Apparently, the partner didn’t agree with splitting the fee.

Instead, over the next months, Lauritano acts as a mule for the two Gennys, who run a monopoly on the sale of ‘amnésia’ marijuana in Naples. He transports their potent puff from a loft in Amsterdam back to Naples by car - and sometimes Toriello joins him for the ride.

But Toriello appears less than committed to the trafficking cause. During a trip from the Netherlands to bring the stash he complains about his financial difficulties and family problems. He tells Lauritano he must go back and deliver 2,000 Euro to his wife and two children, who live in London.

Secret of Dodgy Appointment Revealed

The wiretap evidence collected in these months also sheds light on how Toriello, an Italian lacking any political experience, and with fake degrees and legal troubles, could have been installed as senior diplomat for a country he had never even visited.

It suggests that Lauritano was a key player in this charade, paying Toriello a monthly fee of 5,000 Euro, and, in return, the former Franciscan Friar hired Lauritano as his coordinator.

Speaking with Cristian Neri, the drug broker, on 16 December 2016, Toriello said that he is in ‘a project’ with Lauritano, that the two of them play ‘roles’ and implies that Lauritano is in charge.

“Do you know why I have a diplomatic rank?” he says. “I tell you the truth. [Lauritano] had to hold it, but he let me hold it."

During one of these routine drug runs from the Netherlands, Lauritano is grabbed by the police and arrested.
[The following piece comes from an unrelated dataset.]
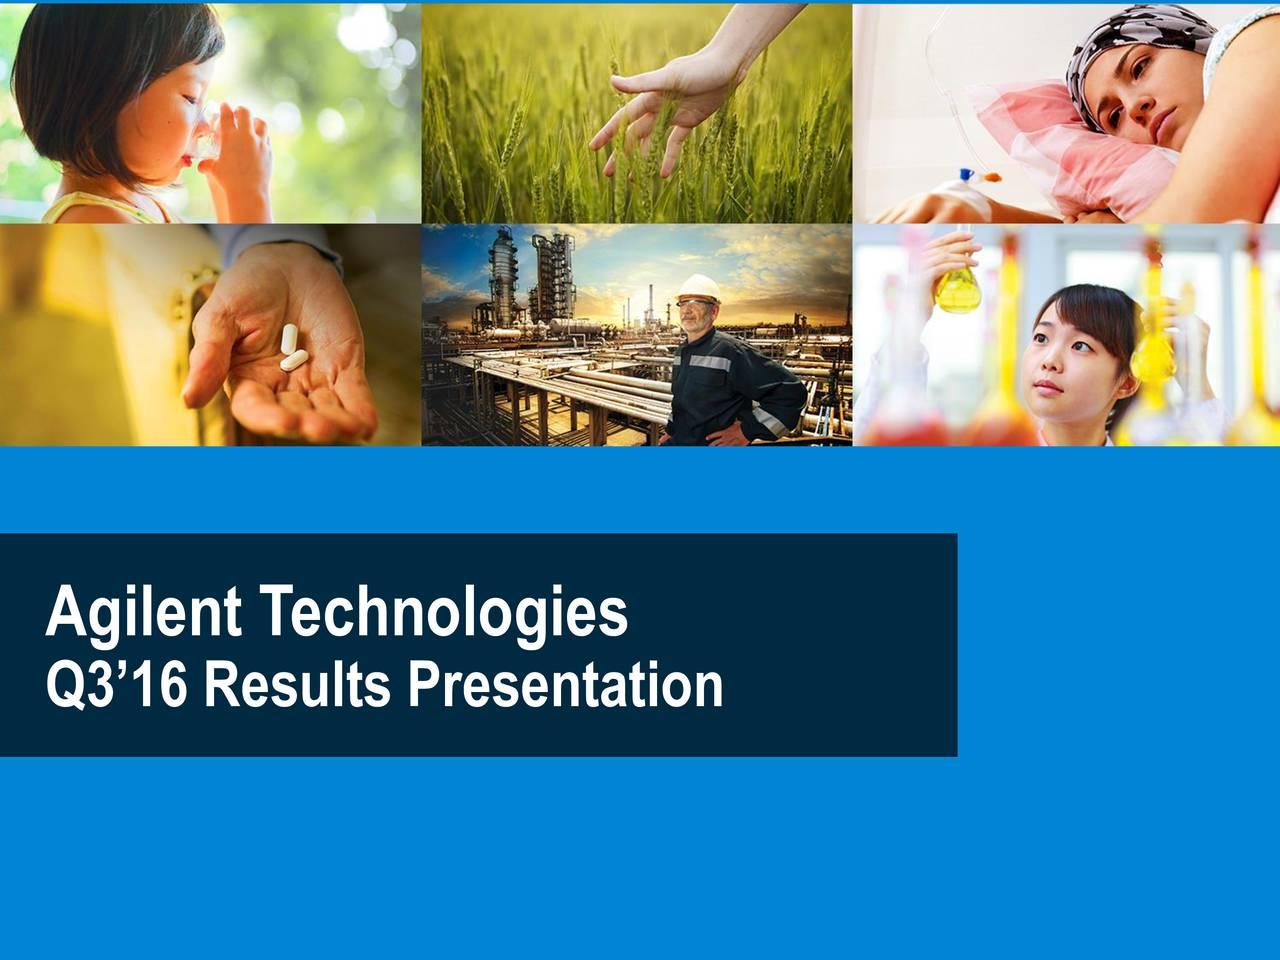 Q316 Results Presentation

He has been in jail since.

Toriello’s activities over the next few months are unknown. Police say that he continues traveling on his "diplomatic mission" for São Tomé and Príncipe, but there is no evidence of this. The shameless self-promoter remains quiet, and it is believed he is staying with his family in London.

At the beginning of July, Toriello takes a flight from the UK to Italy to visit his parents in Mercato San Severino. The move surprised the police - who assumed that with Lauritano in jail and talking to the cops, Toriello would not enter Italy and risk his freedom.

When the ‘Operation Santa Lucia’ raids are carried out across Europe on 5 July, Toriello is among those arrested, grabbed at his parents’ home.

Among his possessions, they find his identification card for the UN headquarters in New York - a symbol of Toriello’s four years at the senior table in the hub of global diplomacy.

One big question remains unanswered: was he invited by the President, the mob, or both?